I cheered for Jormag when they collared Bangar as I understood exactly what they were doing. It was an act of compassion—you end a war this way. Lives are saved. They couldn't have done it before waking up but they ensured that the very moment they were able to was the moment it happened without even a second wasted. It was brilliant.
In my prior thread I'd posited what would happen if Primordus had taken Lake Doric? How many lives could Dragon's Watch have realistically saved? The problem is is that due to the inherent selfishness of an irrational human, just as many lives would've been lost to a stampede as would've been to the attack of Primordus himself. You'd see people being pushed into lava, trampled underfoot, and worse. Those who died wouldn't have deserved that.

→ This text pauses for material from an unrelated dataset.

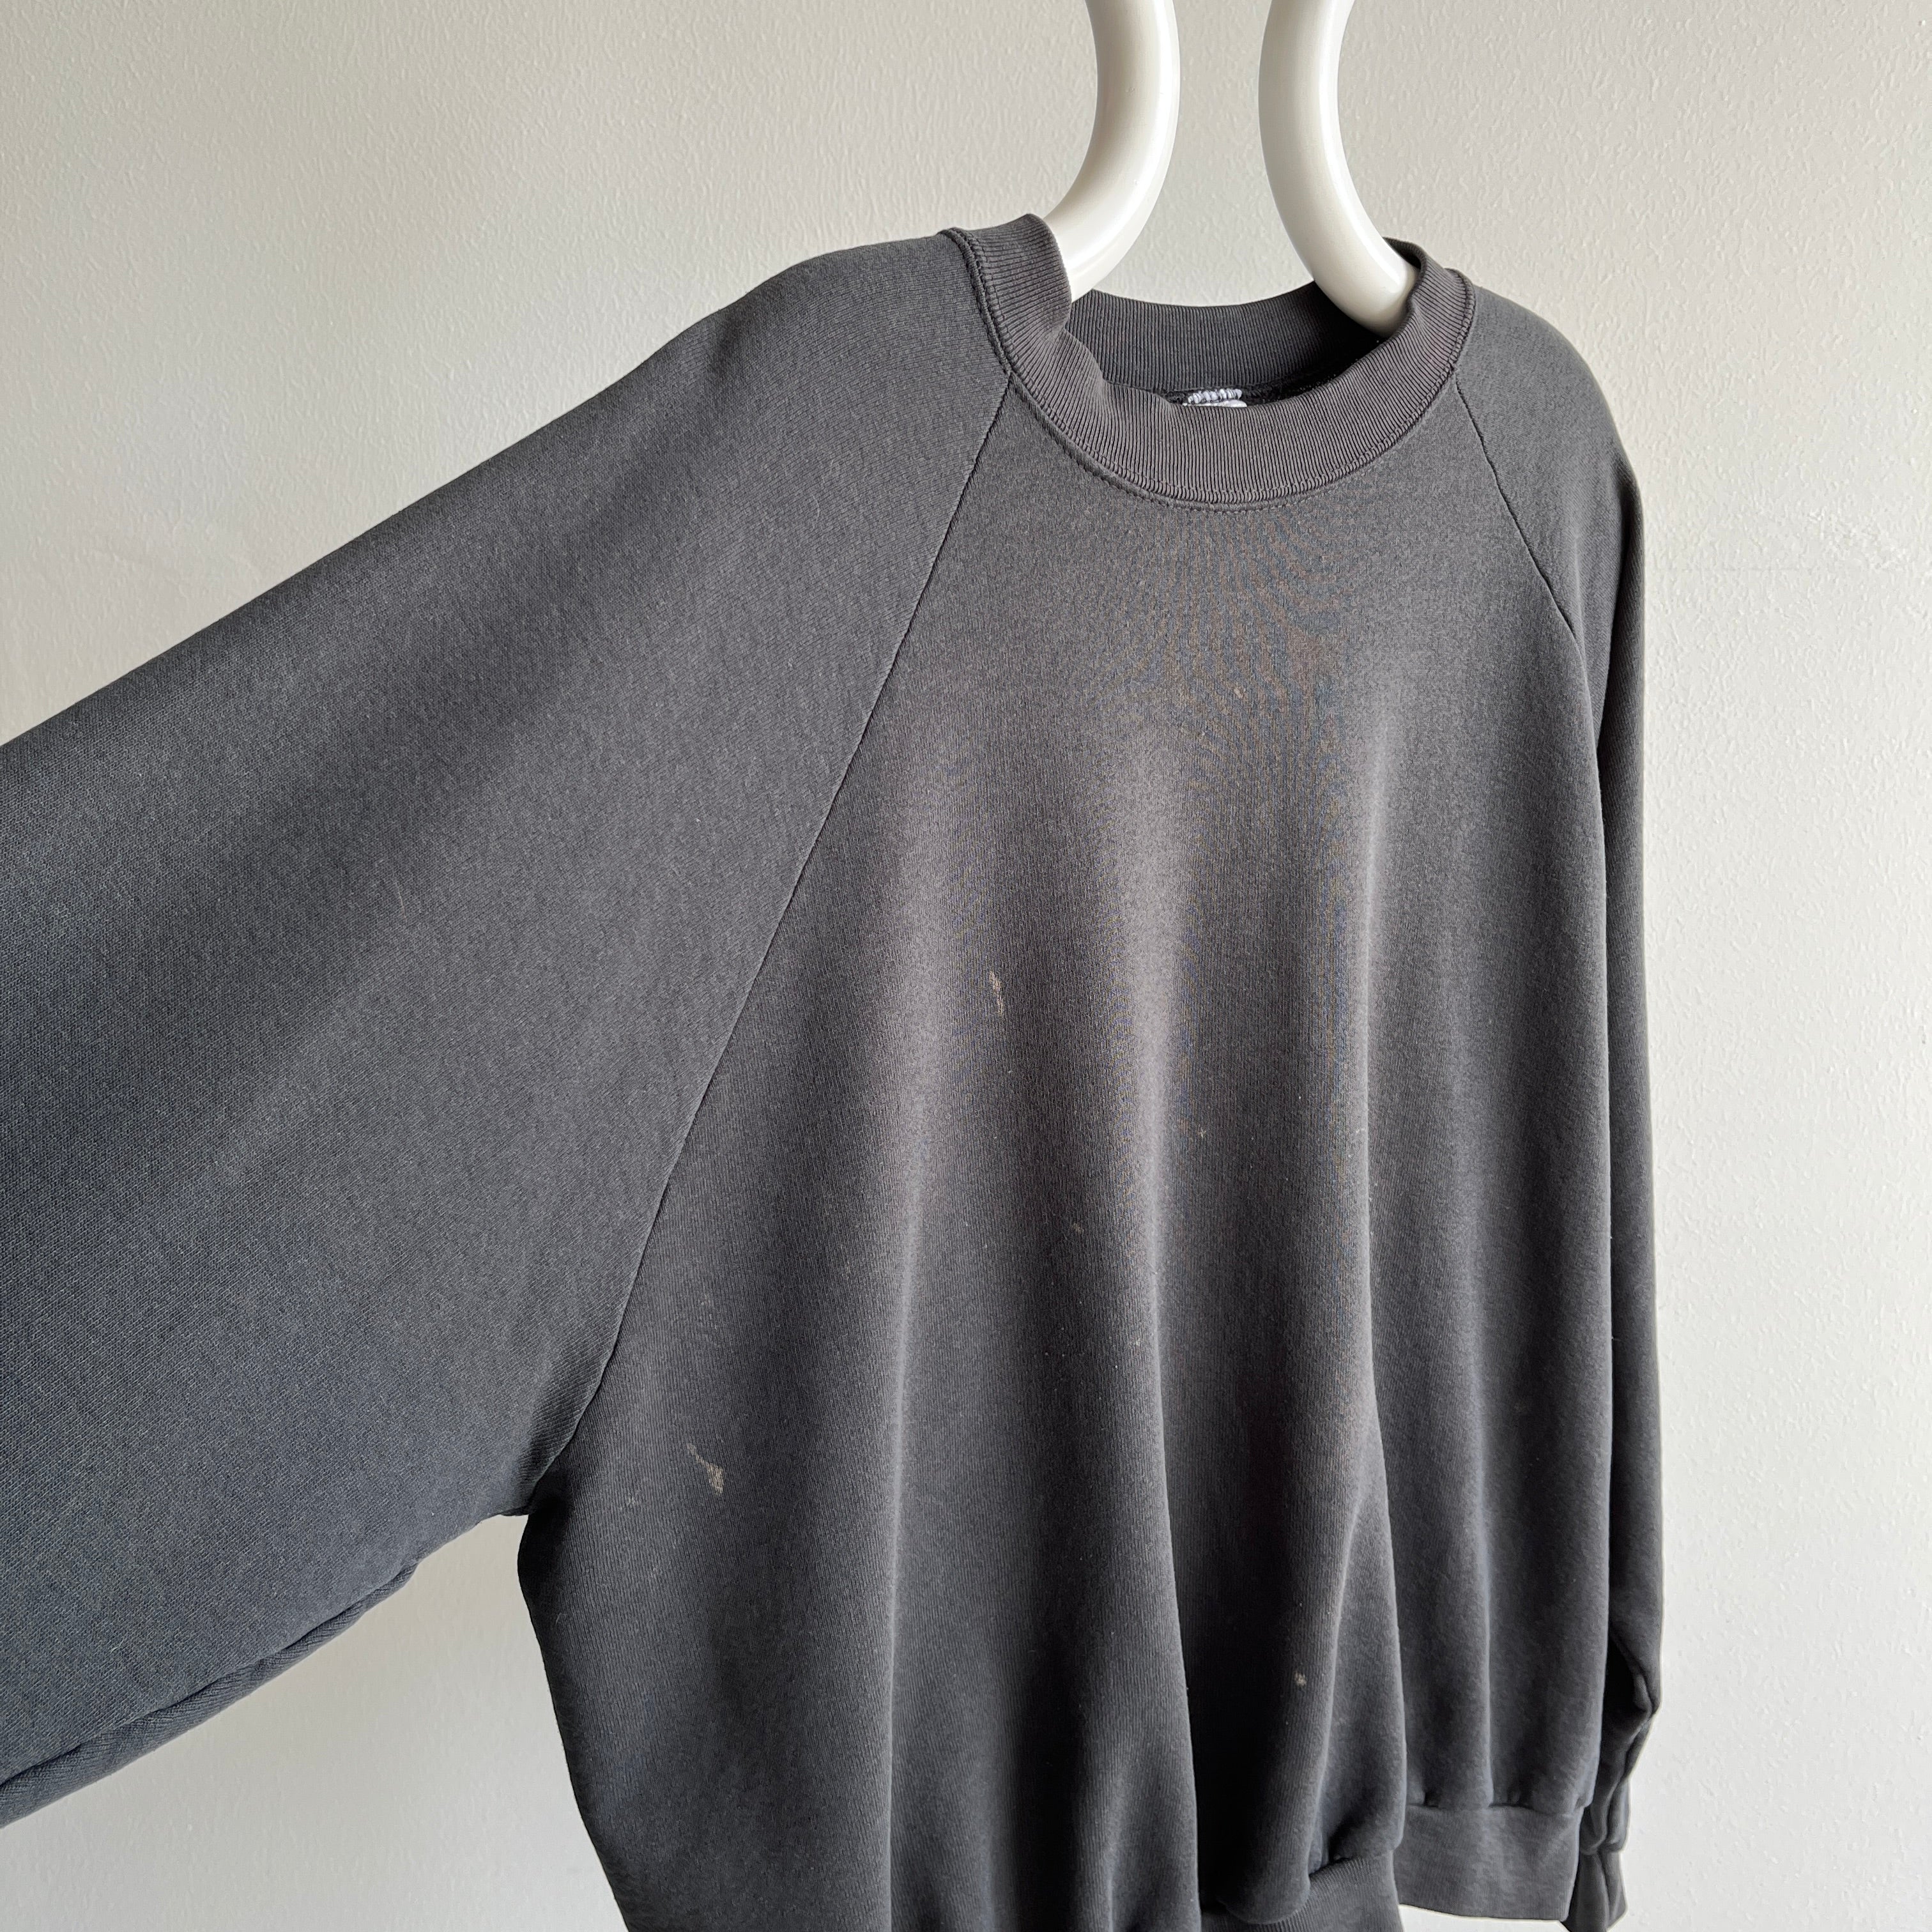 1980s FOTL Paint Stained and Thinned Out Blank Black Sweatshirt - Staff favorite

I ask you then: What's the better sacrifice to make? To be yeeted an assumed hundred years into the future where everyone lives, or to allow the attack to happen and for so many to die? This is what it's about—sacrifices. There's an inherent selfishness in valuing the agency to stampede over the lives that could be saved. If it were my choice, I'd accept being Frozen because that's the option where the most lives are saved. Jormag is faced with this same horror—they have to let Primordus take life not only through his actions but also through the reliably selfish and foolish actions of stampeding humans, or they take matters into their own hands and force a very chilly sense of impulse control on those who would certainly stampede, given the chance.
It's a matter of trying to empathise with an Elder Dragon. If you were trying to save these lives, how would you go about it? Would you safely herd people and have them take foty winks in an ice cube if it meant that the greatest number of lives were saved? That's what Jormag did. I agree with that choice. I see someone who's very tired of the death and destruction their abuser causes. They're ultimately doing the best they can with the power they have. The sacrifice of taking a nap in an ice cube is a valid one if indeed it saves lives. That is the kind and decent thing to do.

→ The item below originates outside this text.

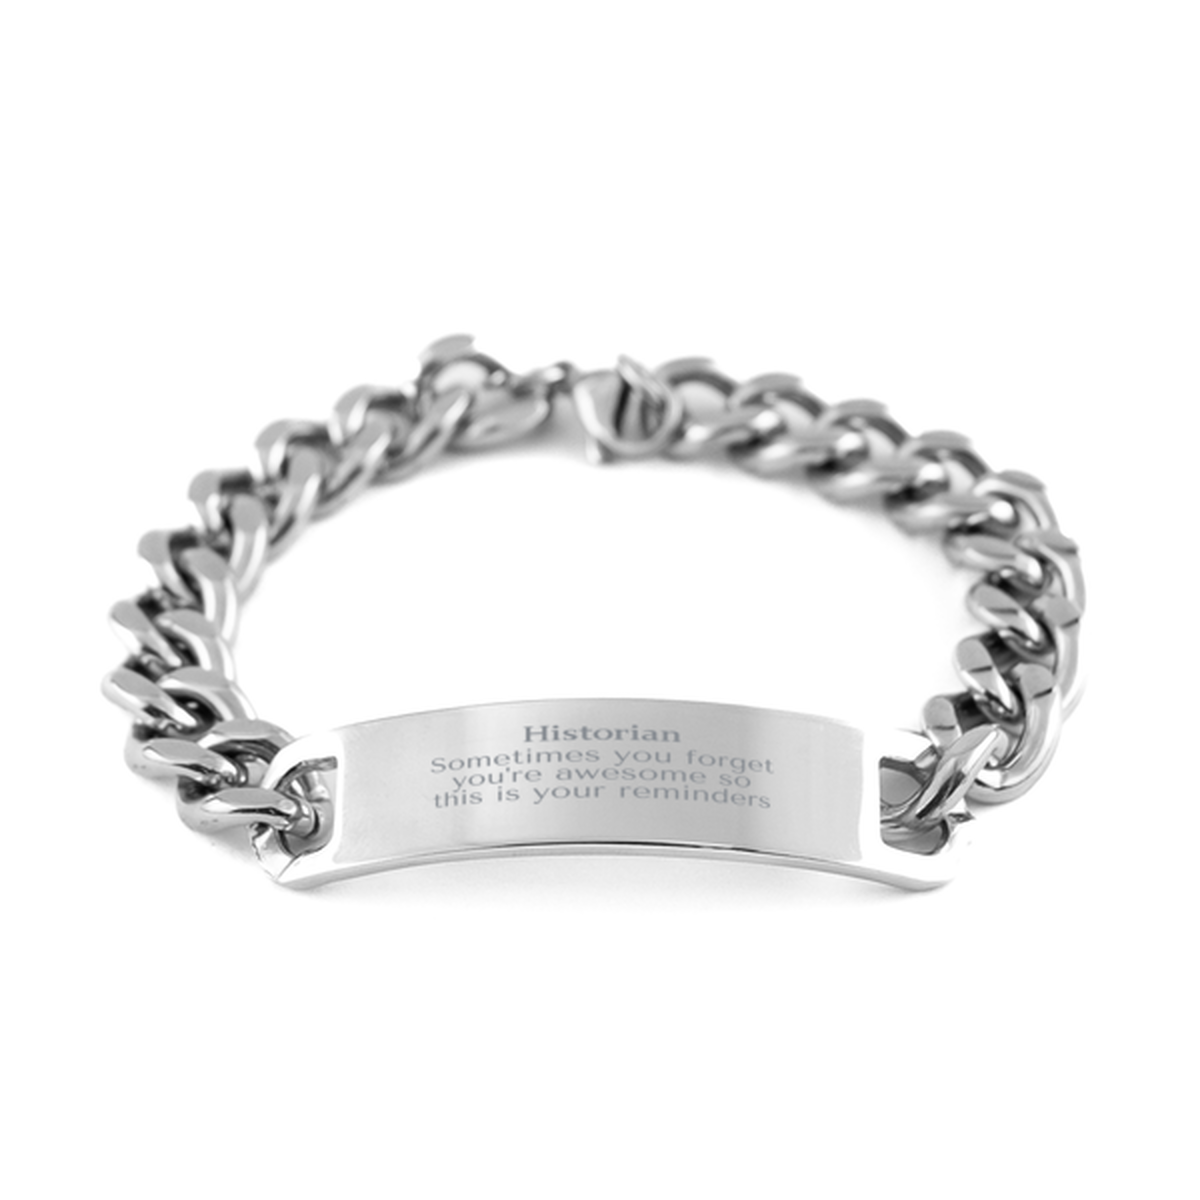 Sentimental Historian Cuban Chain Stainless Steel Bracelet, Historian Sometimes you forget you're awesome so this is your reminders, Graduation Christmas Birthday Gifts for Historian, Men, Women, Coworkers

It's for this reason I posit with certainty that Jormag is not a villain. How I see it is that if they truly didn't care, they would've done as Primordus does and consumed life force from slaughter. I don't know how many have considered this because I think it's easier to propagandise oneself to hate than it is to consider. I... dislike that. It's that very trait that allows dark triad monsters to have so much power, but I digress.
Sometimes being a hero means understanding the right sacrifices to make.